You might leave DNA everywhere but that does not tie it back to your identity. The secret is who's DNA it is, not the DNA itself. And that's the secret you pay to give to 23andMe when you sign up. Anywhere you leave your DNA can now be tied back to you. Even if you sign up with a fake identity (which is hard since you have to give them a credit card) 23andMe can find the DNA's relatives that are in their database and that can easily lead back to you.
> I stopped thinking of my DNA as a secret when I realized how impossible it is to keep other people from having access to it.

The idea isn't 100% security or nothing, but to make it harder for the data to be exploited.

Lots of our personal data isn't a well kept secret, but I also don't give it to any company that asks for it, unlike my shoe size.

The harder it is to exploit the data, the harder it is to do basic genetic research.
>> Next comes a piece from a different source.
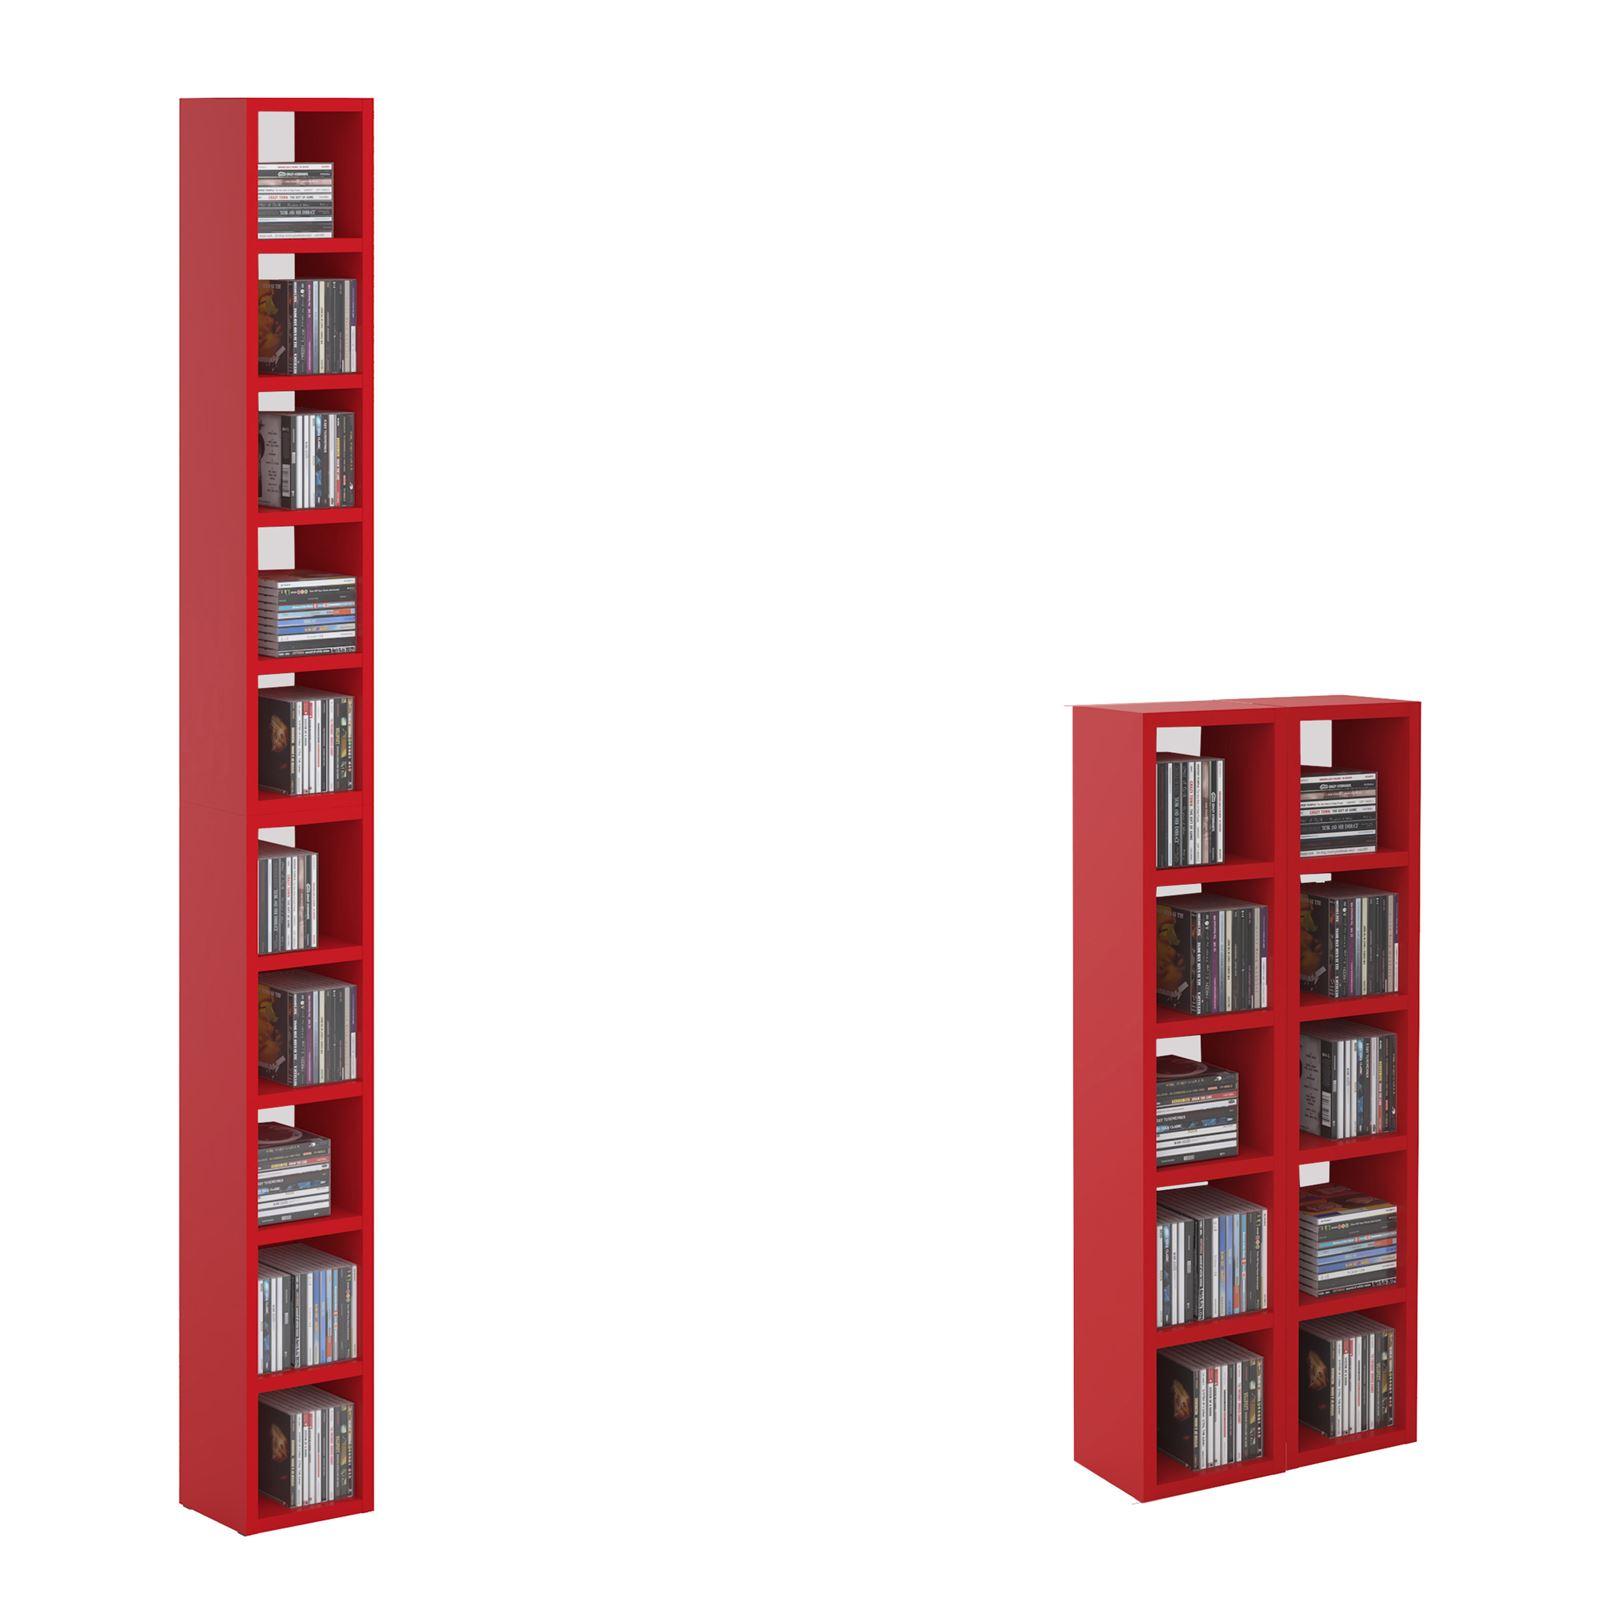 cd dvd blueray regal h nge stand wand aufbewahrungs dekoregal bis zu 160 cds ebay. Black Bedroom Furniture Sets. Home Design Ideas

There's a fundamental dilemma there. If you don't want to share your data with research organizations, so be it. But calling other people suckers for voluntarily sharing their data means you'd rather live in a world where scientific and medical advancement are stunted.

That's like called open source contributors suckers, as it gives away their labor for free and makes them more susceptible to copyright and patent litigation. Maybe so, but the world is better off for it.

I'm just saying don't share your DNA with everyone because you think it's an open secret.

Genetic research is important but pick the lab carefully.

What is your email address and phone number?
Email is in their contact link (with other stuff). Phone number is likely available with a bit of searching.